Residence UK Nationality British | Name Herbert Frohlich | |
![]() | ||
Born 9 December 1905Rexingen, German Empire ( 1905-12-09 ) Institutions University of BristolUniversity of LiverpoolUniversity of SalfordIoffe Physico-Technical InstituteUniversity of Freiburg Alma mater Ludwig-Maximilians University |
We ain t got nothing to lose herbert fr hlich
Herbert Fröhlich (9 December 1905 – 23 January 1991) FRS was a German-born British physicist.
Contents
- We ain t got nothing to lose herbert fr hlich
- After my laughter came tears herbert fr hlich herbert glad
- Career
- Honours and awards
- Books by Frhlich
- Personal life
- References
After my laughter came tears herbert fr hlich herbert glad
Career
In 1927, Fröhlich entered the Ludwig-Maximilians University, Munich, to study physics, and he received his doctorate under Arnold Sommerfeld, in 1930. His first position was as Privatdozent at the University of Freiburg. Due to rising anti-Semitism and the Deutsche Physik movement under Adolf Hitler, and at the invitation of Yakov Frenkel, Fröhlich went to the Soviet Union, in 1933, to work at the Ioffe Physico-Technical Institute in Leningrad. During the Great Purge following the murder of Sergey Kirov, he fled to England in 1935. Except for a short visit to the Netherlands and a brief internment during World War II, he worked in Nevill Francis Mott's department, at the University of Bristol, until 1948, rising to the position of Reader. At the invitation of James Chadwick, he took the Chair for Theoretical Physics at the University of Liverpool.

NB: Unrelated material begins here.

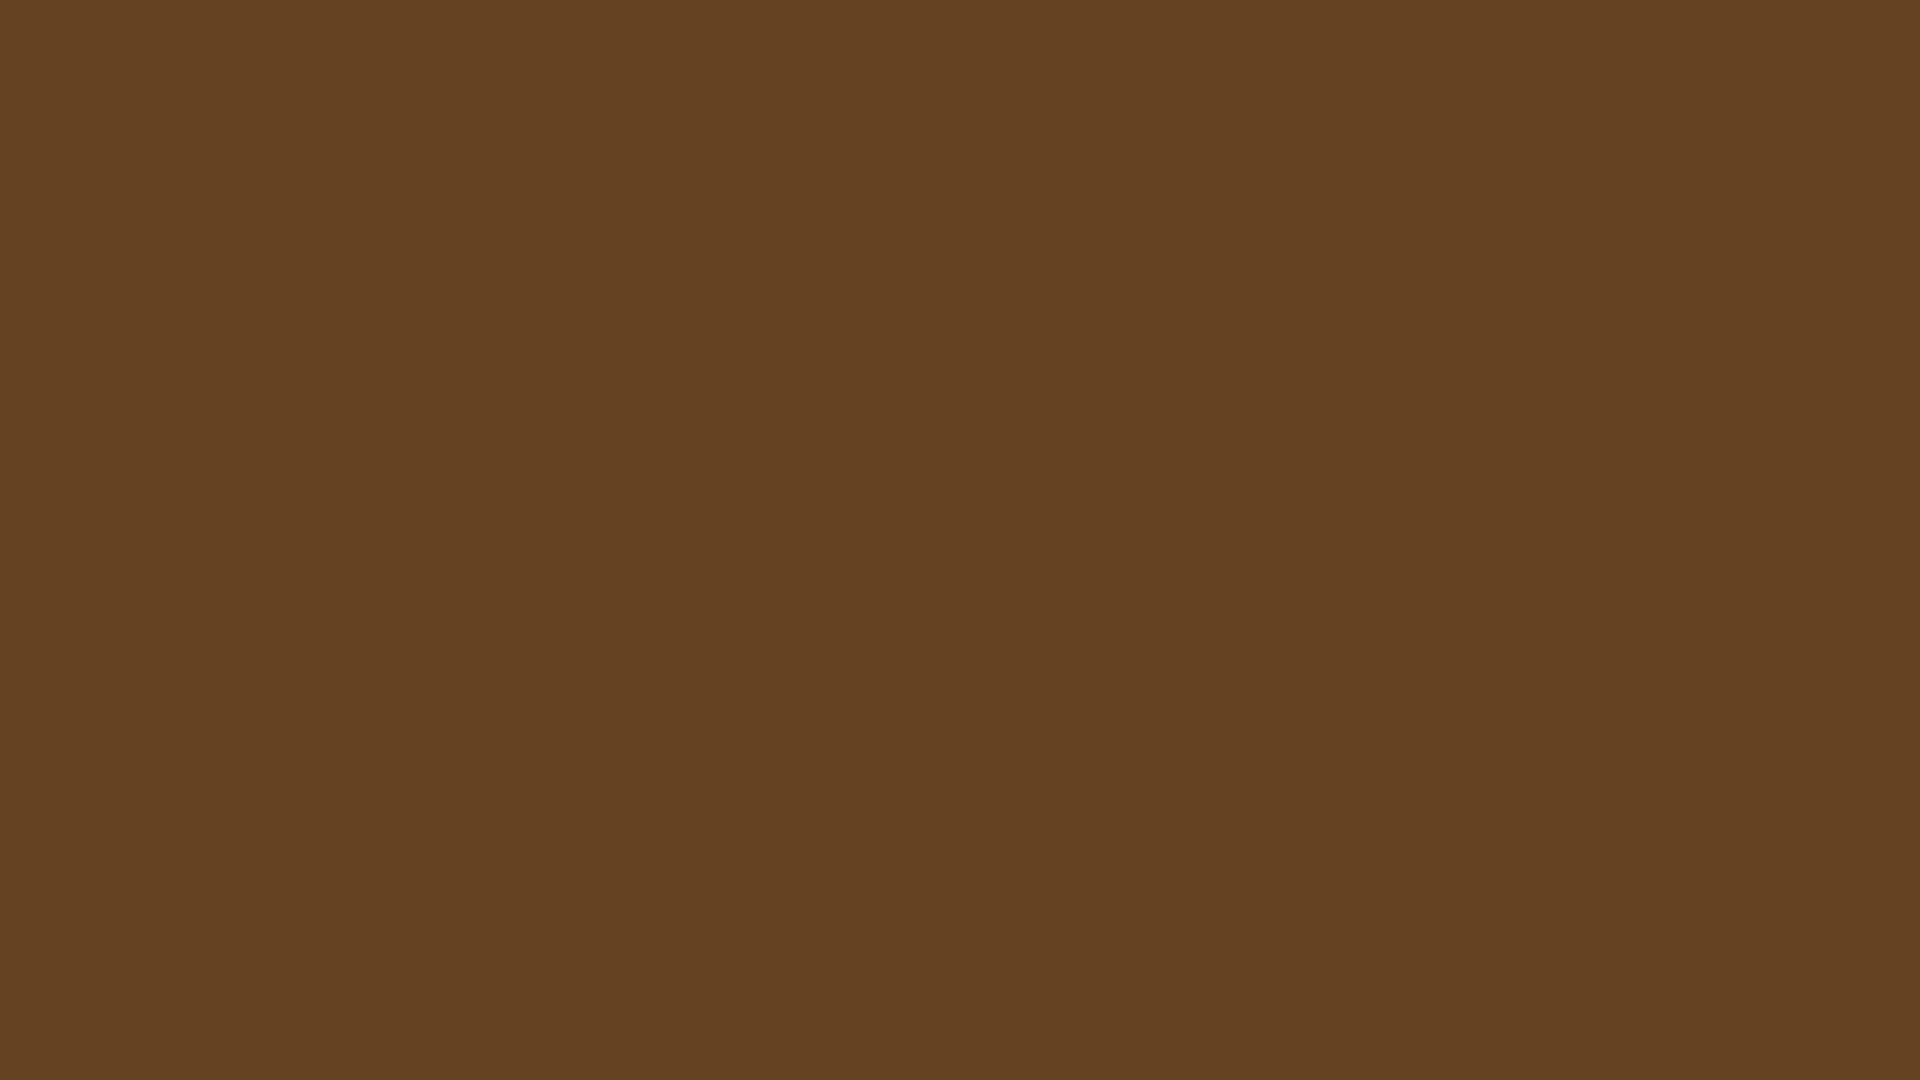 1920x1080 Dark Brown Solid Color Background
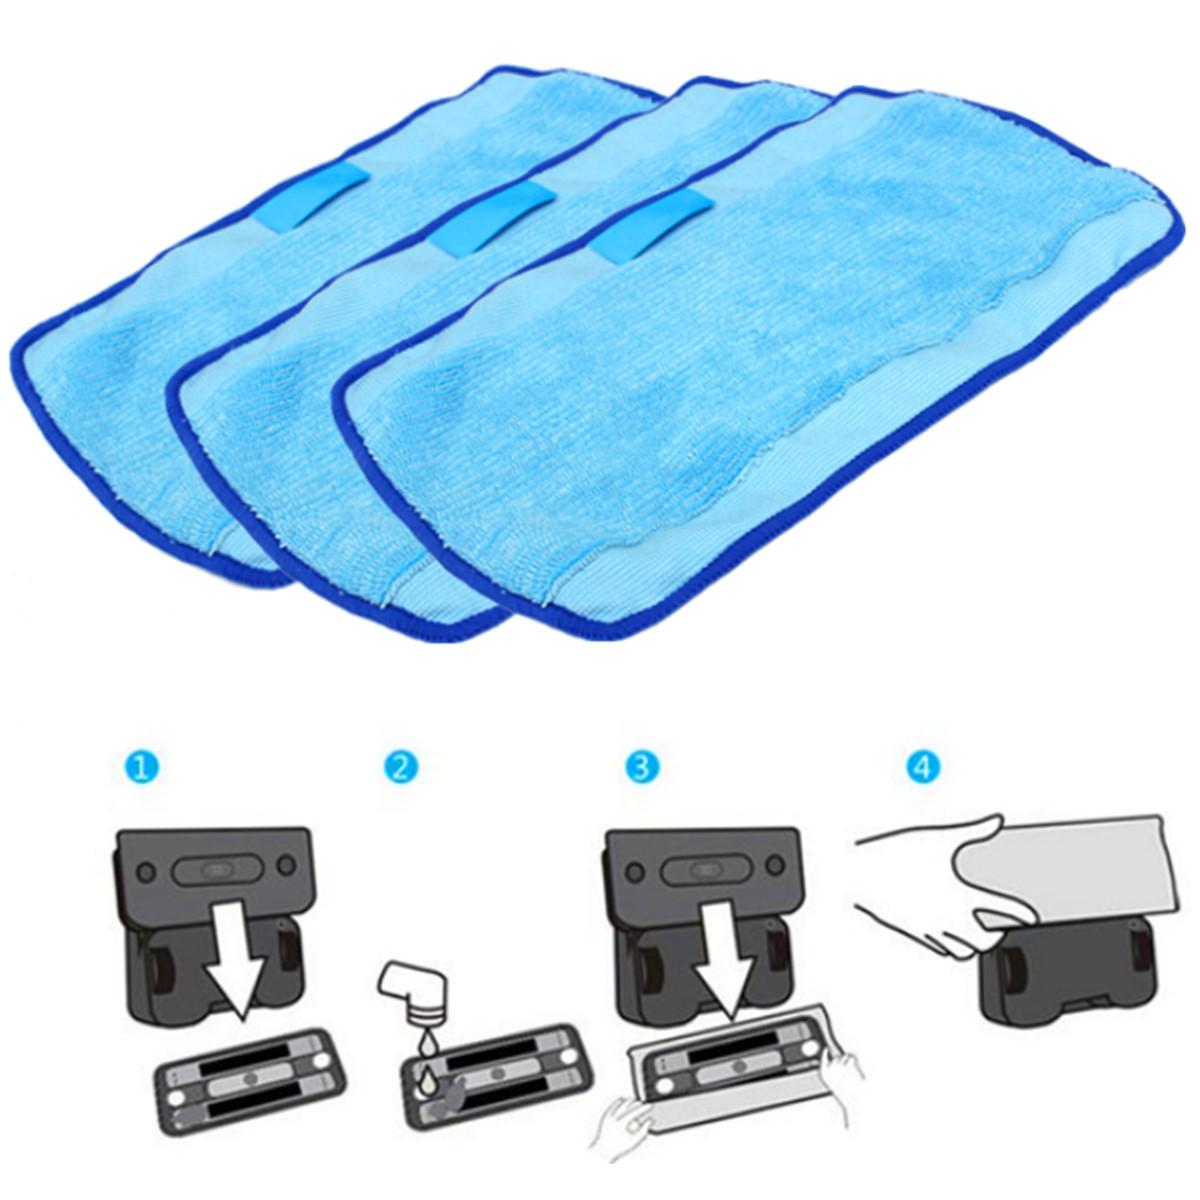 3Pcs Microfiber Mopping Cloths Spare Part for iRobot Braava 380t 320 Mint 4200 5200 Robot

He was offered by the Bell Telephone Laboratories a handsome salary to go to Princeton University as their specially endowed professor. But at Liverpool he had a purely research post, which was attractive to him, and he was newly married to an American postgraduate philosophy student, and later an artist, Fanchon Aungst, who was not keen to return to America at that time.
From 1973, he was Professor of Solid State Physics at the University of Salford, however, all the while maintaining an office at the University of Liverpool, where he gained emeritus status in 1976 until his death. During 1981, he was a visiting professor at Purdue University. He has been nominated for the Nobel Prize in Physics in 1963 and in 1964.
Fröhlich proposed a theory of coherent excitations in biological systems known as Fröhlich coherence. A system that attains this state of coherence is known as a Fröhlich condensate.
Honours and awards
Fröhlich was elected a Fellow of the Royal Society (FRS) in 1951. In 1972 he was awarded the Deutsche Physikalische Gesellschaft Max-Planck Medal and in 1981 an Honorary Doctorate from Purdue University.
Books by Fröhlich
Personal life
Fröhlich was the son of Fanny Frida (née Schwarz) and Jakob Julius Fröhlich, members of an old-established Jewish family. He is the brother of Albrecht Fröhlich.